For those of you not in PacBell territory, PacBell really misunderstood the Internet access market when they set their current rates. ISDN costs $X/month (about 2-3 x POTS) plus (daytime) per-minute charges of 4 cents, (nighttime 7pm-7am) free. (This probably requires that your ISP have Centrex access in your local calling area.) What they didn't realize was that computer people think "It's free at night" means "It's free at night", so they dial up and stay on. (Many of us non-ISDN users do the same with POTS, of course.) ISDN call setup times are fast enough that it's possible to do IP support that tears down calls after X seconds of non-use and sets them up again when there's traffic, which is practical since you don't have 30 seconds of modem retraining time per setup.
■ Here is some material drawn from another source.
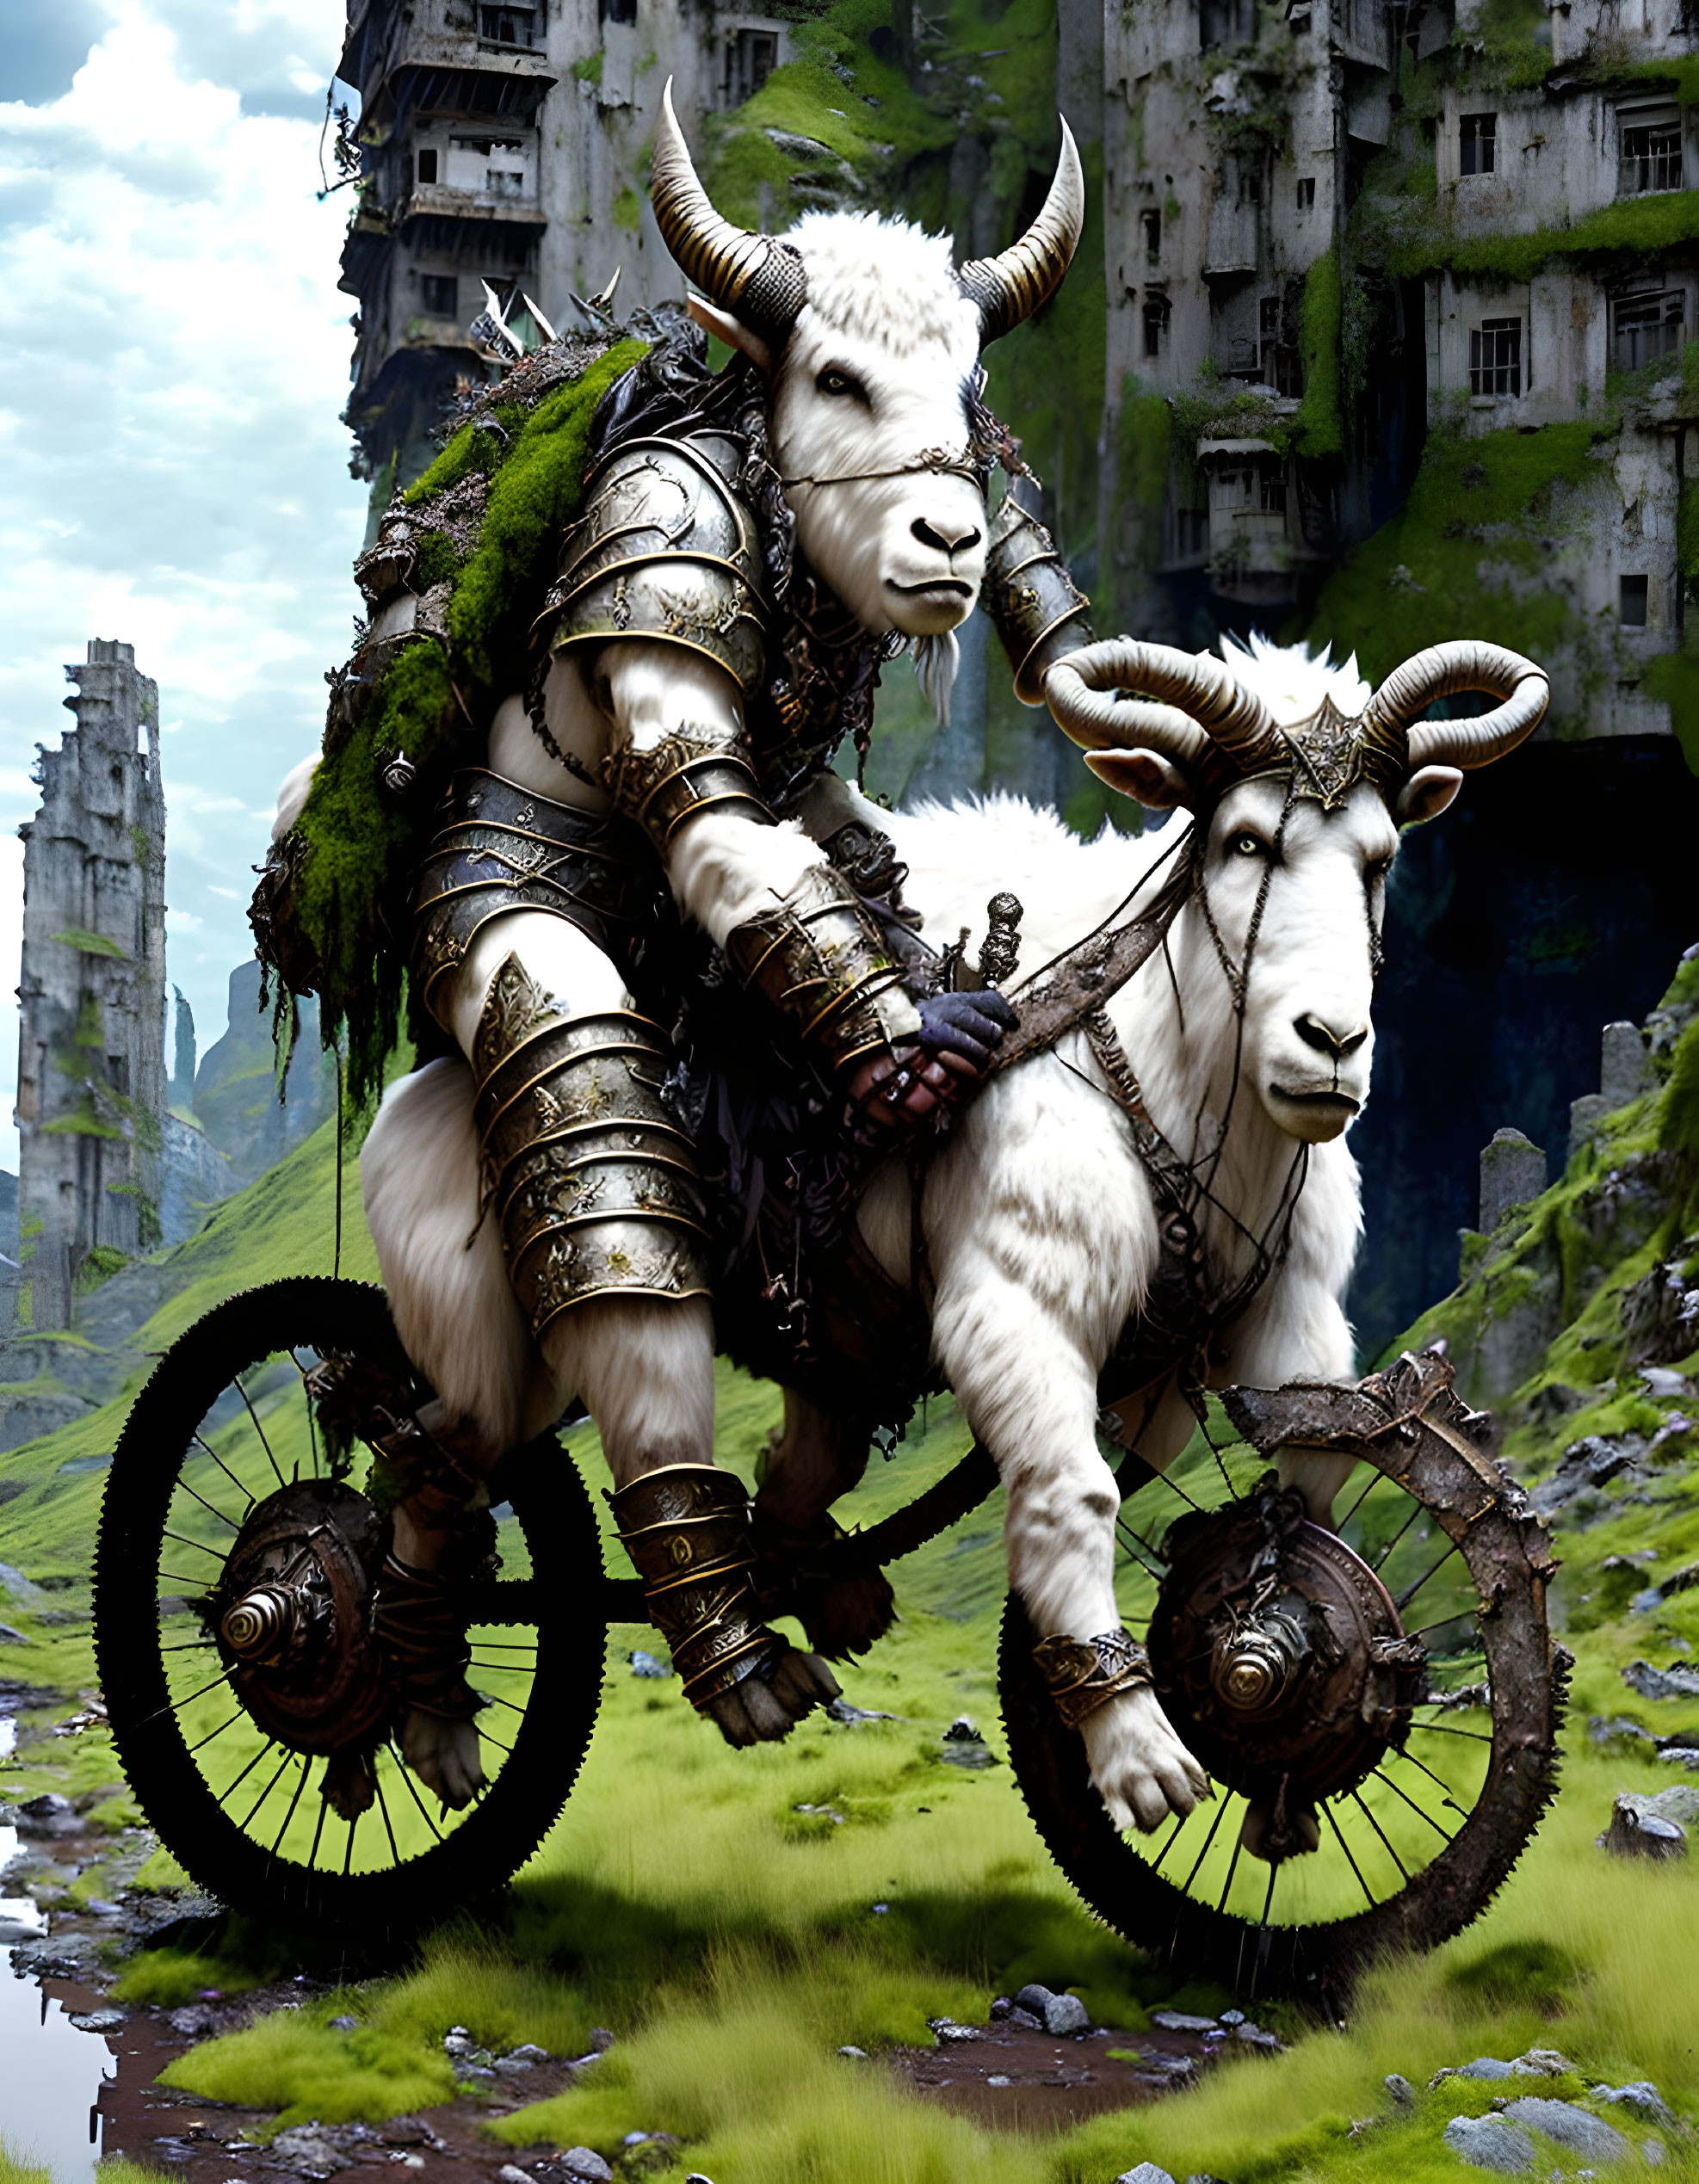 Two armored goats in ancient ruins and greenery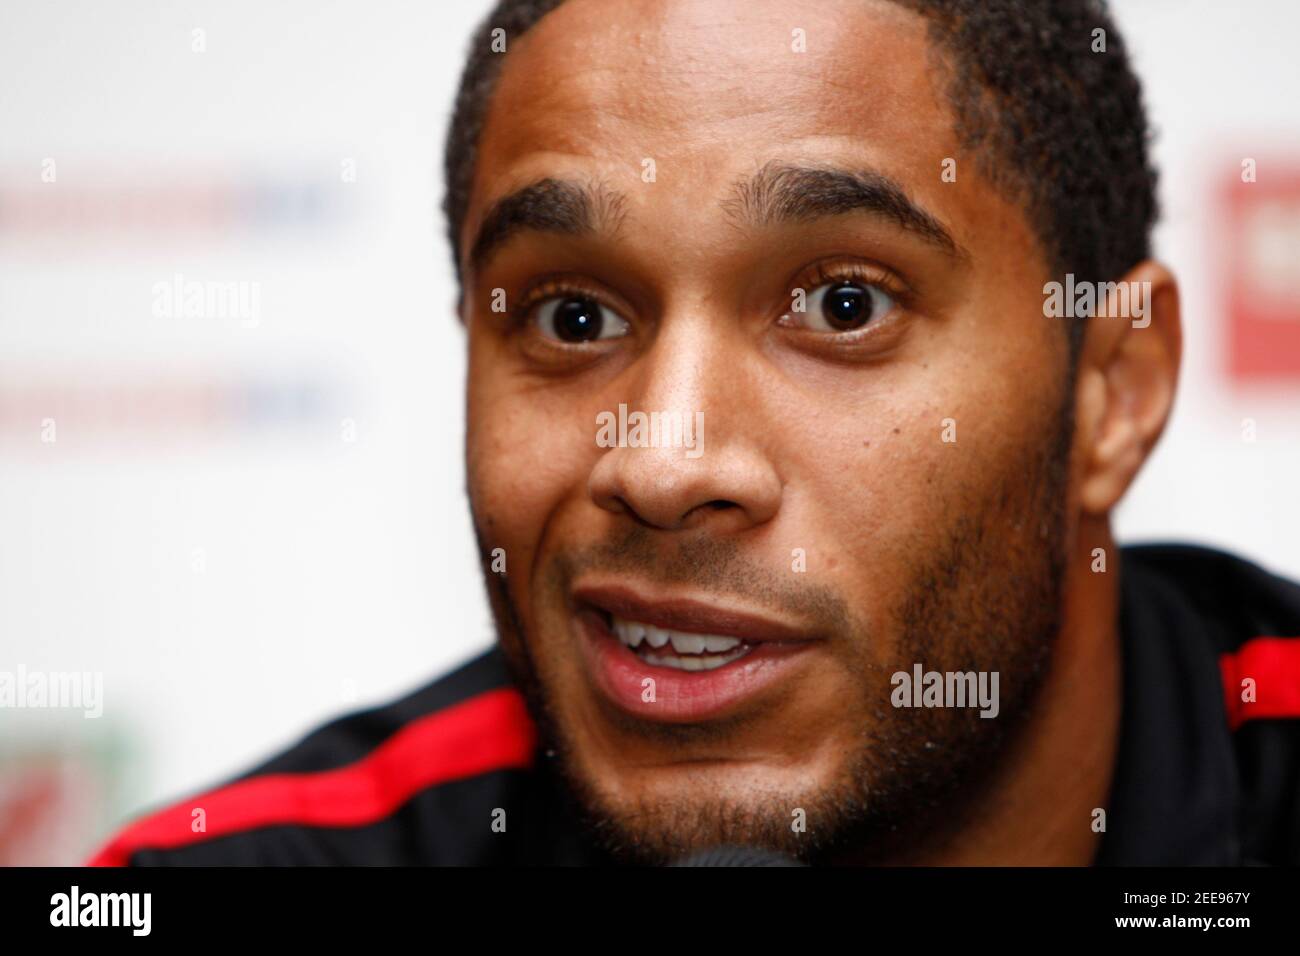 Football - Wales Press Conference - Vale Hotel - Vale of Glamorgan Resort - Hensol - Wales - 7/10/10  Ashley Williams    Mandatory Credit: Action Images / Peter Cziborra Stock Photo

If PacBell's really bugged enough about usage patterns, they could go write a good Winsock package to support it themselves and give it away free to ISDN customers.... # Thanks; Bill # Bill Stewart, +1-415-442-2215 stewarts@ix.netcom.com # You can get PGP outside the US at ftp.ox.ac.uk Imagine if three million people voted for somebody they _knew_, and the politicians had to count them all.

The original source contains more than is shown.